Export and Import a Data Mapping for Modeling (Emulating) a DI (ETL/ELT/CDC) Tool

Overview

Any data mapping with replication mappings and/or query mappings can be exported (without loss) to the Data Mapping Scripts format. This format is based on the standard database SQL Data Manipulation Language (SQL DML) syntax and includes both:

The data connection data models (e.g. database schema, tables, columns) of their source and target data stores faithfully representing any supported technology (RDBMS, NoSQL, File Systems)
The data integration (DI/ETL/ELT/CDC) for the data flow lineage between these data stores.

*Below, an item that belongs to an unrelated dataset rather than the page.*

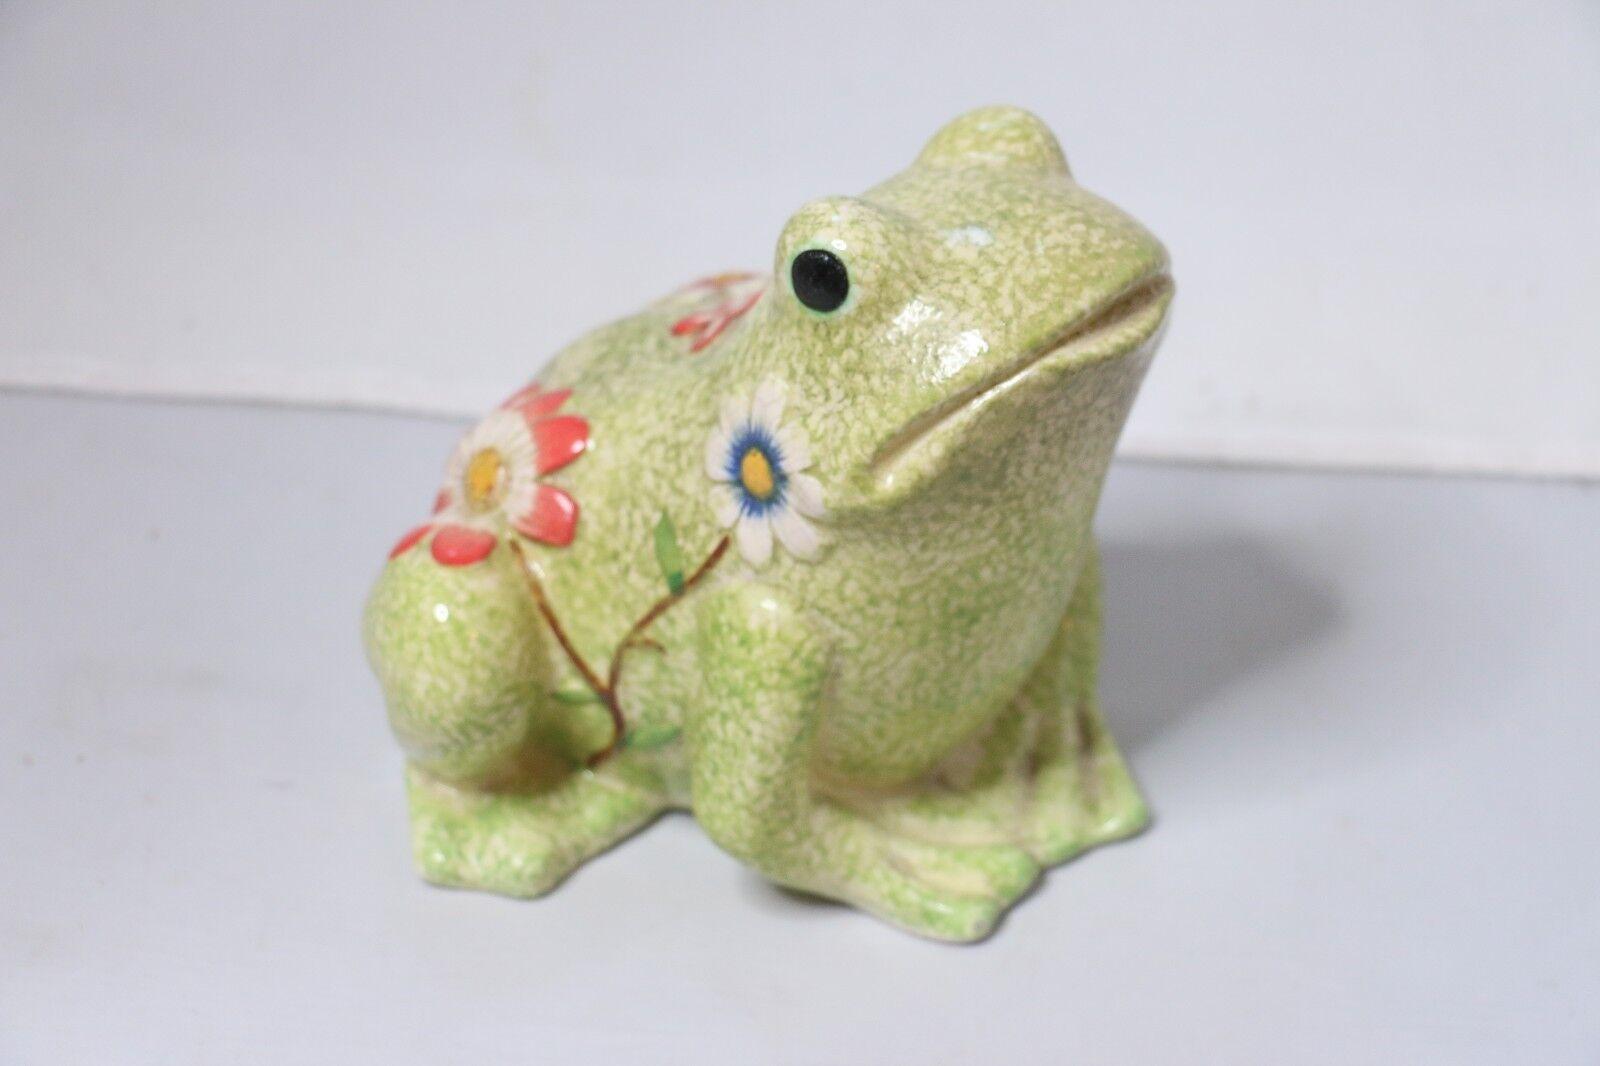 Collections Glass Flower Garden Frog Green
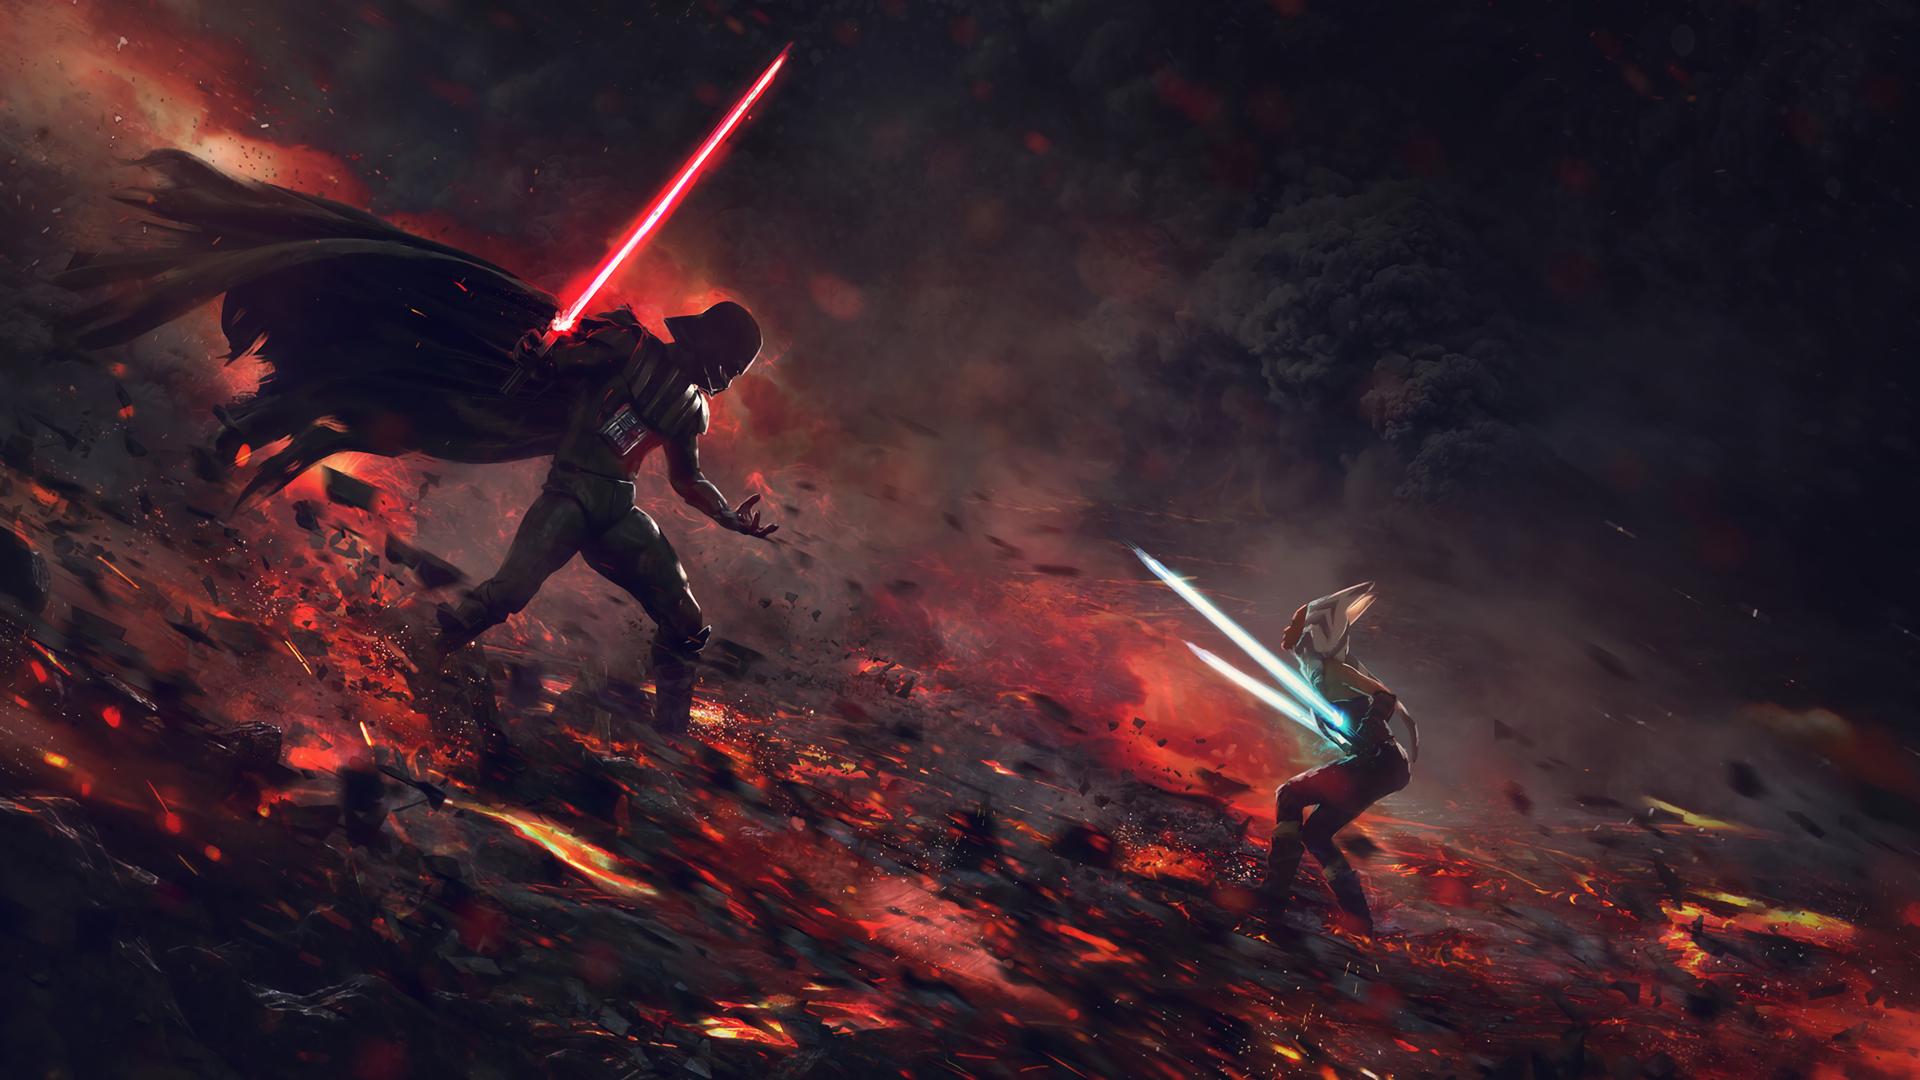 Films Star Wars Darth Vader Ahsoka Tano Fond D Ecran Illustrations De Star Wars Fond D Ecran Star Wars Star Wars

The specifics of the syntax for the data mapping script format is explained in a sample file at:

*$MM_HOME*/conf/MIRModelBridgeTemplate/DataMappingScript/DataMappingScriptTutorial.sql

The data mapping scripts can be edited /modified, or may be generated entirely from scratch to model (simulate) a DI/ETL/ELT/CDC tool which may not be a part of the supported tools for a native model import.

The data mapping scripts can then be imported as independent DI models or may be imported back into a data mapping, where one may continue to benefit from the UI data mapper UI. The resulting data flow linage would be the same in both cases.

Note that the new data mapping script format provides a number of advantages over the older metadata Excel format (deprecated) including:

The data mapping script format supports a full round trip (export/import) from/to a data mapping, while this is not possible with the older metadata Excel format where the export was more for reporting and the import for bootstrapping.
The data mapping script format files are generally much more compact than the very verbose metadata Excel format files based on classifier/table maps and feature/column maps.
The data mapping script format is easier to generate from SQL based DI/ETL/ELT/CDC tools.
The data mapping script format supports both replication mappings and query mappings, while the metadata Excel format is quite limited in its handling of replication mappings.
The data mapping script format supports more source and target data store technologies (RDBMS, NoSQL, File Systems) that is supported by the metadata Excel format.

Therefore, the export/import of data mapping script based files is the recommended method, while the legacy metadata Excel format is now deprecated and will soon be EOL for the data mapping export/import application.

Export to Data Mapping (SQL like) Scripts

Any data mapping with replication mappings and/or query mappings can be exported (without loss) to the Data Mapping Scripts format. This format is based on the standard database SQL Data Manipulation Language (SQL DML) syntax and includes both:

The data connection data models (e.g. database schema, tables, columns) of their source and target data stores faithfully representing any supported technology (RDBMS, NoSQL, File Systems)
The data integration (DI/ETL/ELT/CDC) for the data flow lineage between these data stores.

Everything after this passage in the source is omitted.